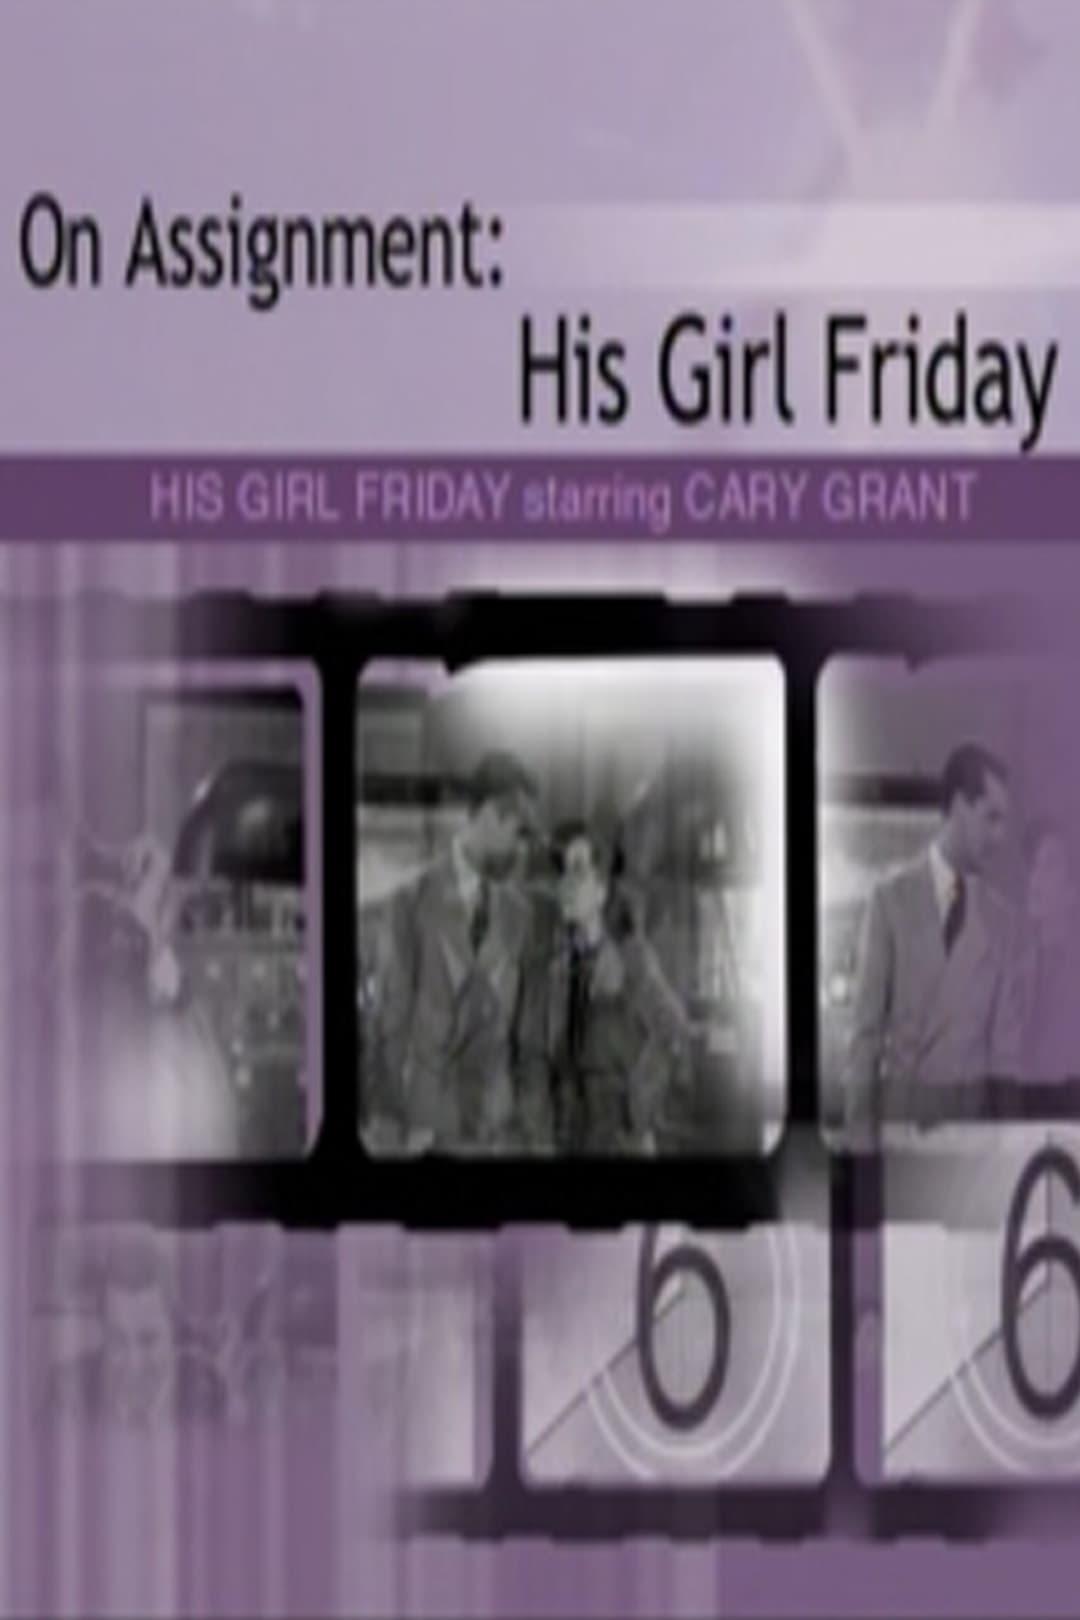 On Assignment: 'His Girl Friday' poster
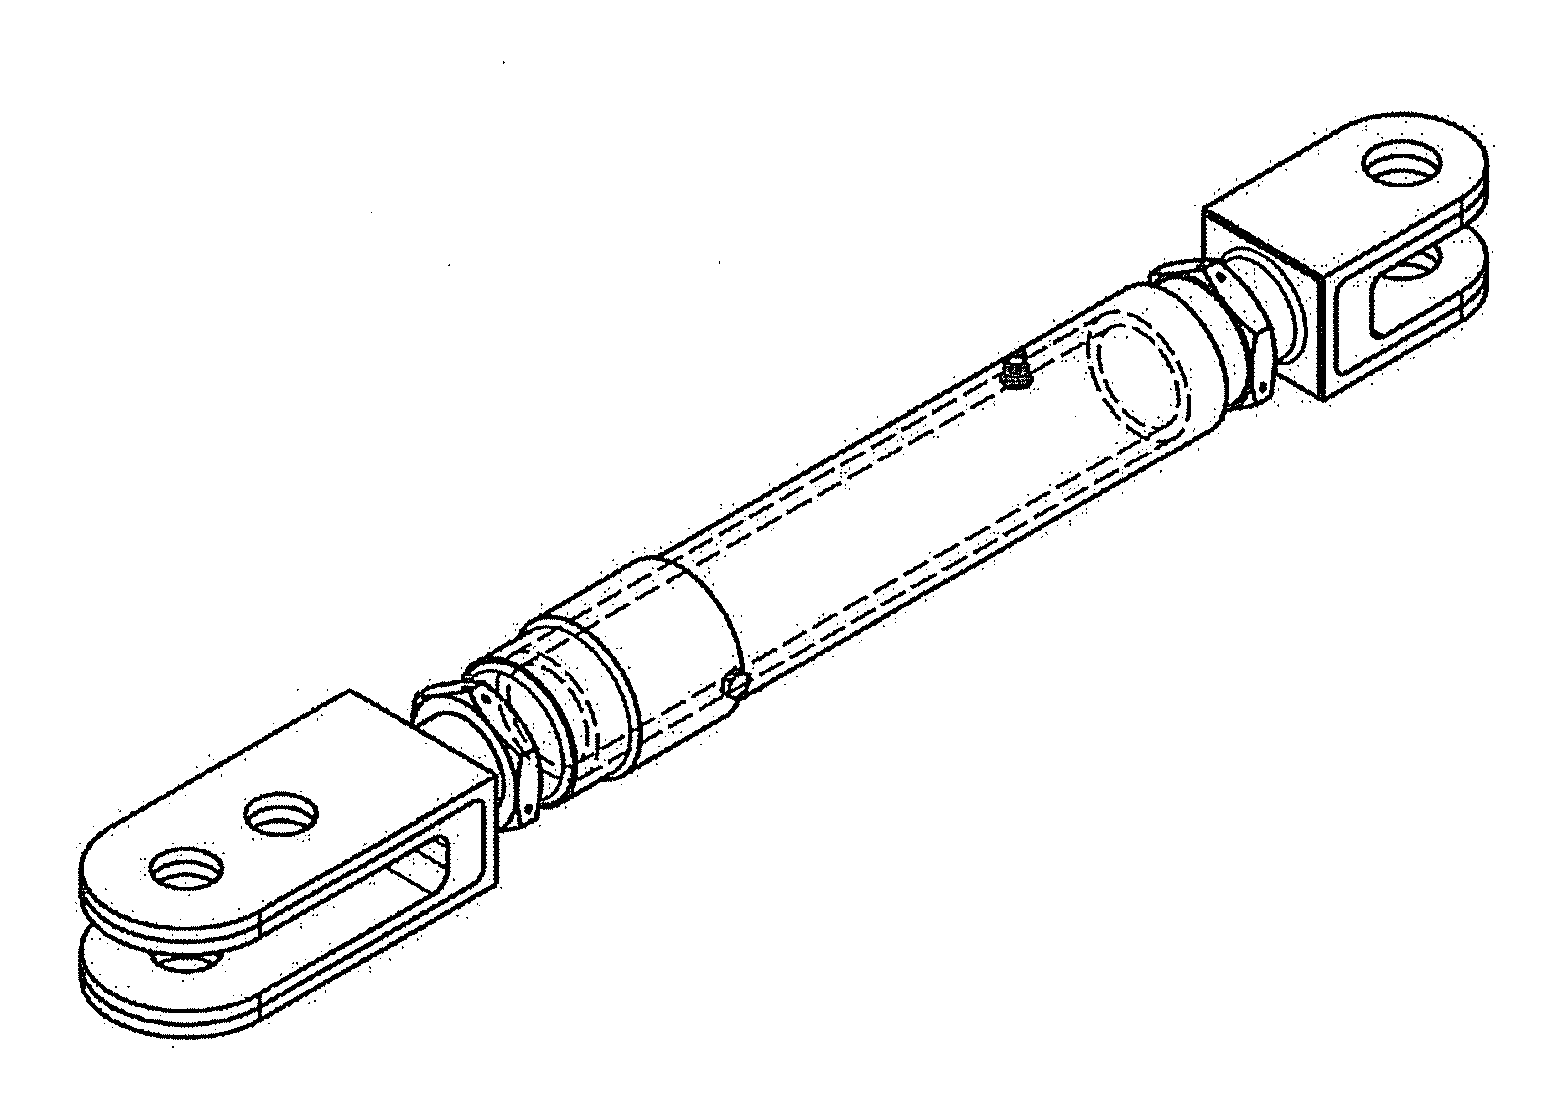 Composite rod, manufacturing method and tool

=======

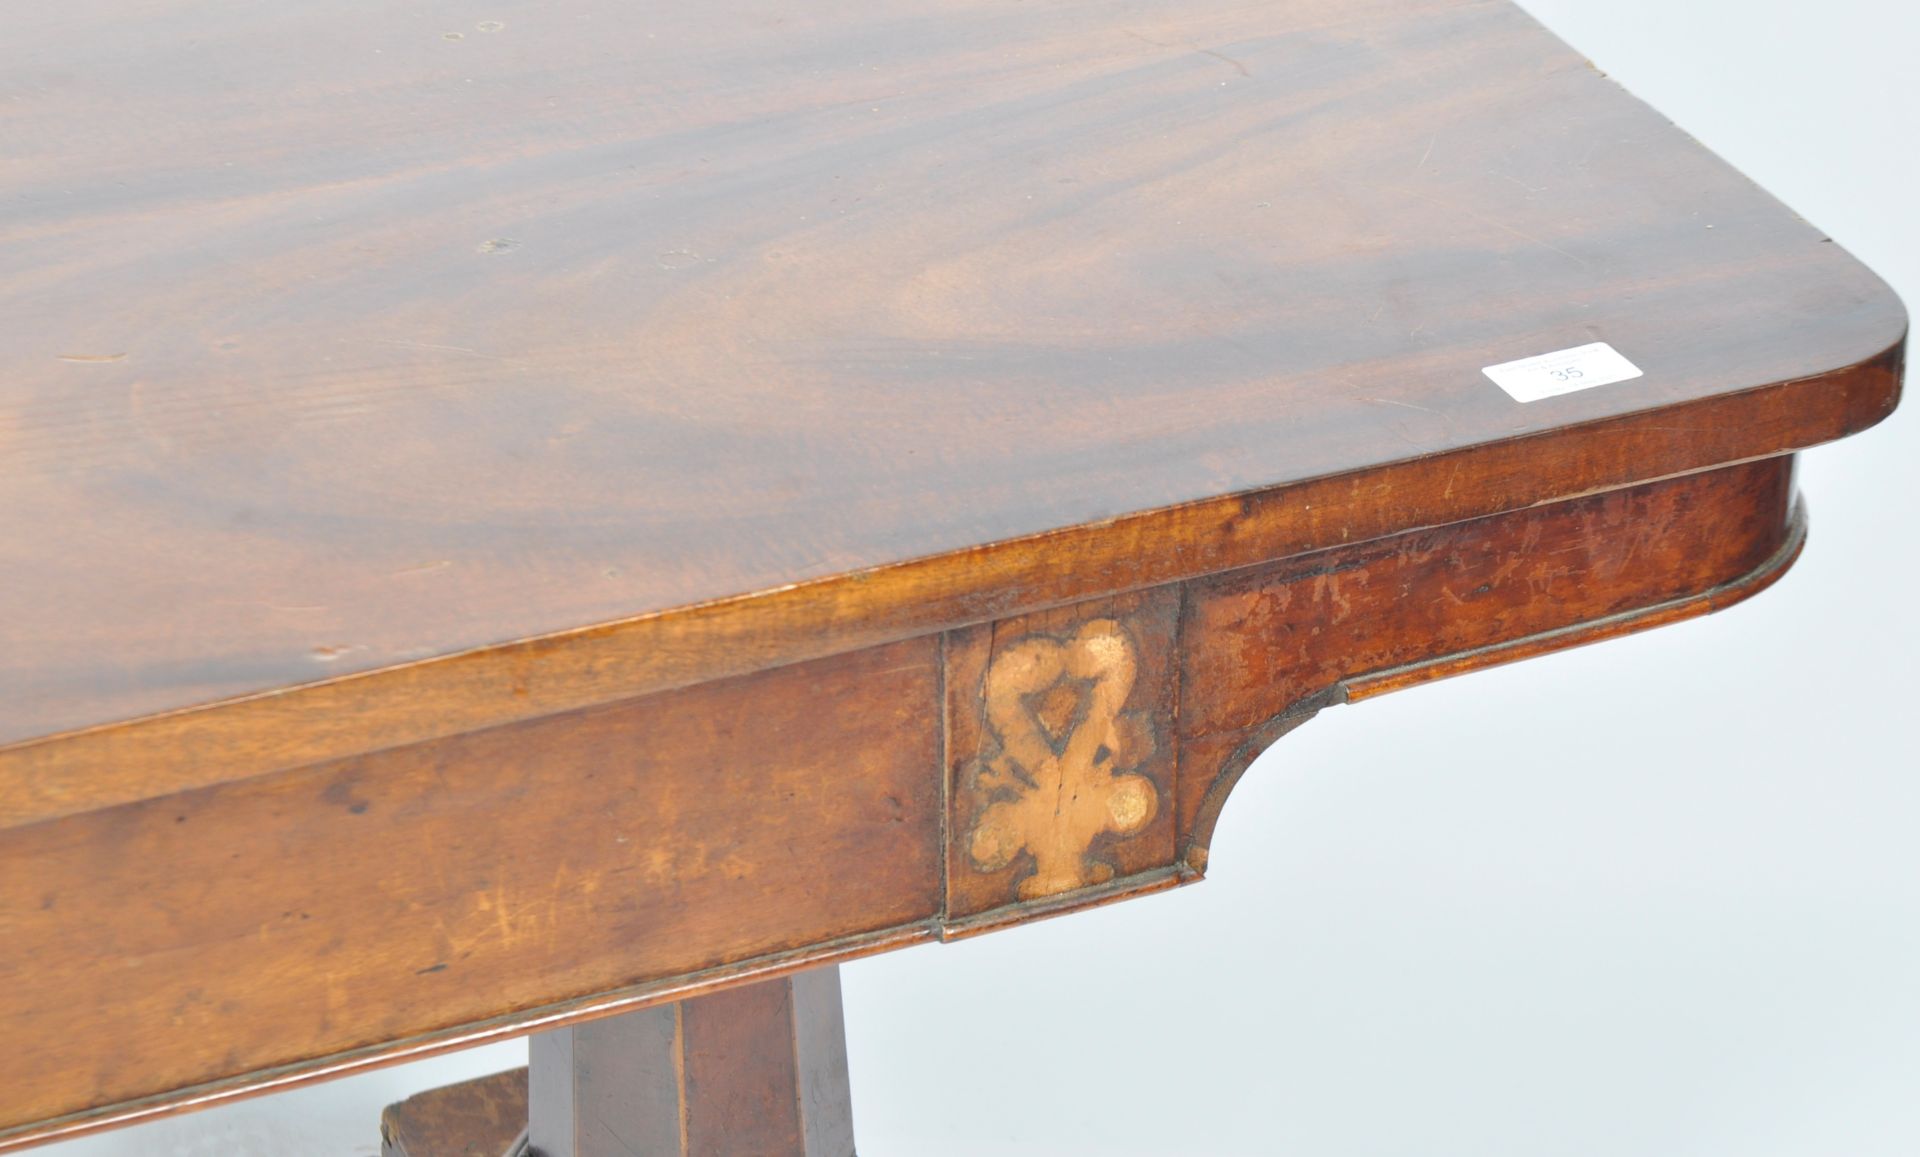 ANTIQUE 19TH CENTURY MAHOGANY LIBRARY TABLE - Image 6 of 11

=======

▶ INSTRUCTIONS FOR THE TASK
Above is the material; set down exactly its lines from the one containing "On Assignment: 'His Girl Friday' poster" down to the one containing "Composite rod, manufacturing method and tool", both included, leaving out any pictures.

▶ TASK OUTPUT
 On Assignment: 'His Girl Friday' poster
 Composite rod, manufacturing method and tool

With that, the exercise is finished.